Circa tahun 2010, terjadi sebuah tragedi komedi di mana rektor saat itu Prof. Amin Abdullah terindikasi melakukan penggelapan dana yang selanjutnya tidak terbukti. Sampai akhirnya Prof. Amin Abdullah membangun panggung demokrasi yang biasa dikenal dengan sebutan “Pangdem”. Letaknya tepat di Gedung FEBI saat ini.
Pangdem tersebut dibangun sebagai fasilitas teman-teman mahasiswa dalam merawat gelanggang kebudayaan UIN Suka. Keberadaan Pangdem memantik hasrat mahasiswa dalam menciptakan ruang-ruang alternatif.
Misalnya saja seperti Gorong-gorong Institut, Pengadilan Puisi, Komunitas Sastra di Bawah Pohon, Rimbun Berisik, Suku Karinding, dan banyak lagi yang lainnya. Mereka mengaktivasi sudut-sudut kampus, bahkan menyulapnya menjadi rumah untuk menginap..
2015 Pangdem dirubuhkan dan direlokasi demi kepentingan pembangunan Gedung FEBI. Saat itu semua elemen mahasiswa bergerak melawan pembangunan gedung baru tersebut. Siapapun pasti mengira bahwa sebetulnya kebijakan itu merupakan obituari atas matinya gelanggang kebudayaan UIN Suka secara perlahan.
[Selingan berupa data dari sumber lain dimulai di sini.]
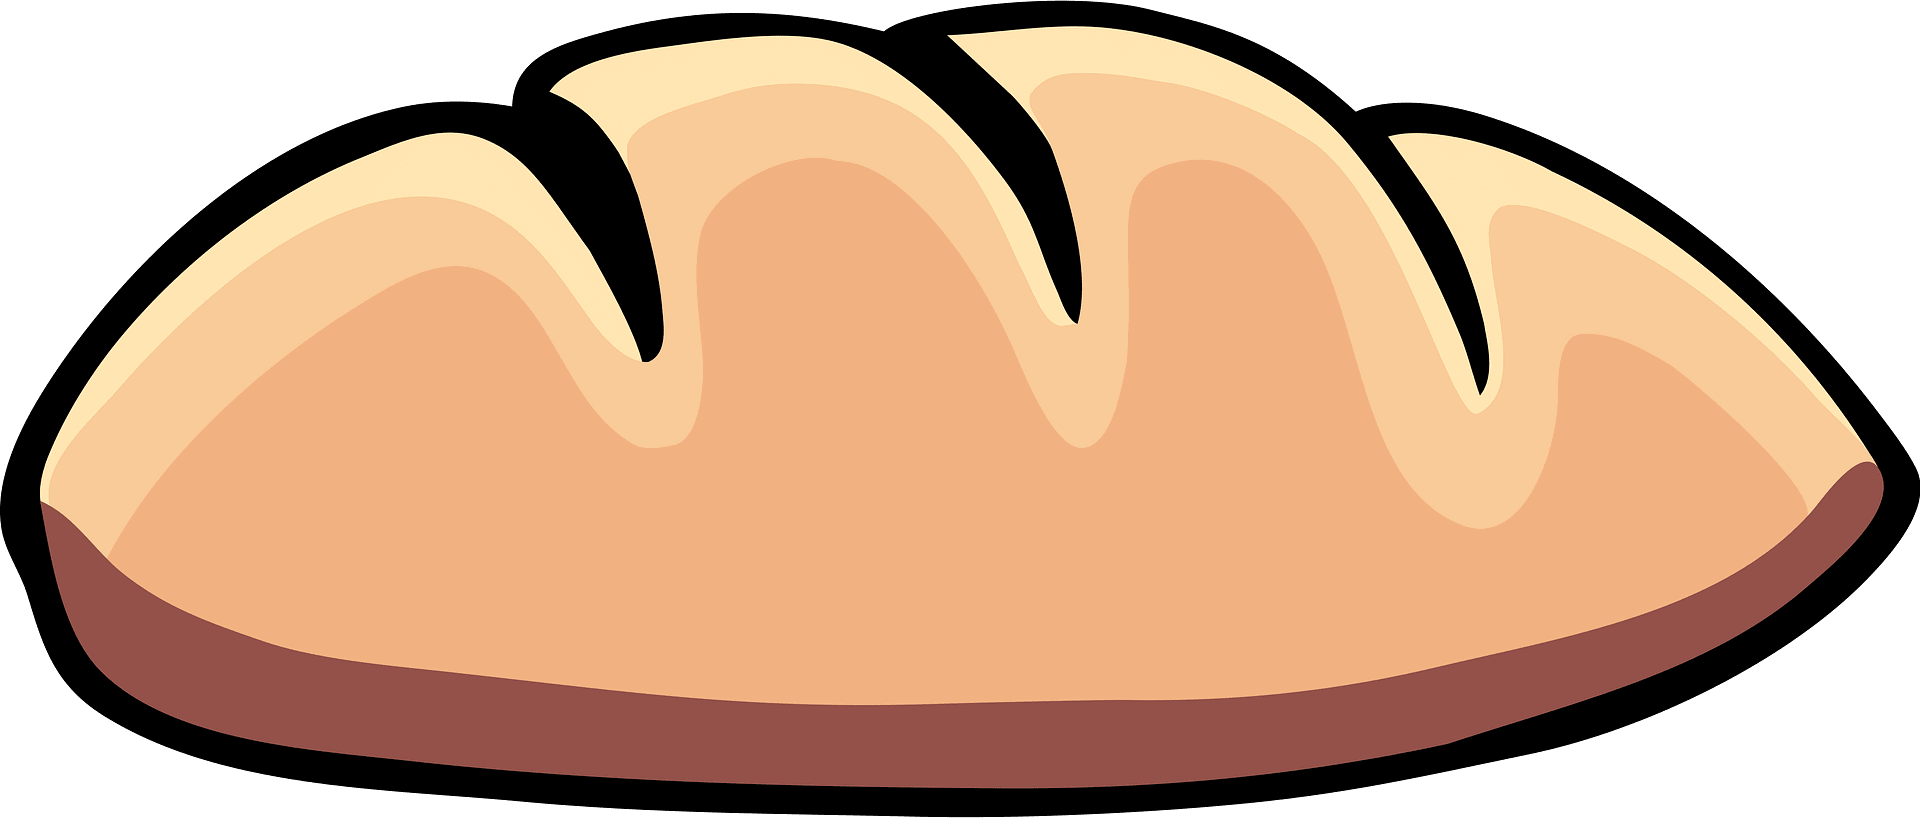 Bread clipart transparent 6

UIN hari ini hanya ingin bersetubuh dengan kerja-kerja Ormawa yang bersifat birokratis. Sementara fungsi ekstra parlementernya ia campakkan di mana kerja gerakan atau aktivisme lahir dan terbentuk dari situ. Ormawa tidak lebih dari sekedar agen pelestarian kerja birokratis yang mapan dan terlalu pengecut untuk keluar dari “kotak kecil”.
Pasca robohnya panggung demokrasi 2015, angkatan selanjutnya hanya bisa mencomot sisa-sisa serpihan dari semua komunitas yang menghidupi gelanggang kebudayaan kampus. Kemudian diteruskan dengan kerja-kerja klandestin yang dilakukan bagi ia yang masih resisten dalam memberikan secercah nyala api atas gelanggang kebudayaan kampus kita.
Terlepas minat daftar Unit Kegiatan Mahasiswa (UKM) kesenian di UIN Suka bertumbuh di tahun-tahun terakhir ini, akan tetapi ruang-ruang alternatif dalam menghidupkan gelanggang kebudayaan tergerogoti manusia-manusia mesin organisatoris yang membosankan.
Membedah kembali judul dari esai ini, tepatnya pada kata awal “mencari”. Artinya kebudayaan kita hanya sedang sembunyi; mungkin mereka bersembunyi di lorong-lorong sempit kampus, atau barangkali di balik kali Gajah Wong.
Mungkin juga mereka sengaja menantikan semangat-semangat mahasiswa baru dalam menghidupi gelanggang kebudayaan di kampus kita. Maka dari itu penting kiranya buat kita untuk bergerak mencari.
Kalian hanya perlu membaca kembali tulisan di paragraf kedua “kita hanyalah angkatan yang diperkosa oleh sistem!”. Sedari Maba panca indera kita dihadapkan pada hal-hal yang kaku, bersifat sistematis, administratif, dan serba akademis. Betapa kebosanan terus menghantui kita serupa babi ternak yang tak mengenal bosan ketika bermain lumpur.
Dan sekali lagi, UIN hari ini serupa lakon Sampar; menjelma kota mati dengan berbagai macam virus di dalamnya. Tidak ada yang bisa keluar dari sana dan tidak ada yang bisa masuk ke sana. Angkatan 2020 hingga 2022 mengalami dekadensi selayaknya fenomena lost generation di Jepang, di mana Jepang mengalami resesi ekonomi. Impactnya hingga hari ini, Jepang menjadi negara dengan kasus bunuh diri terbanyak.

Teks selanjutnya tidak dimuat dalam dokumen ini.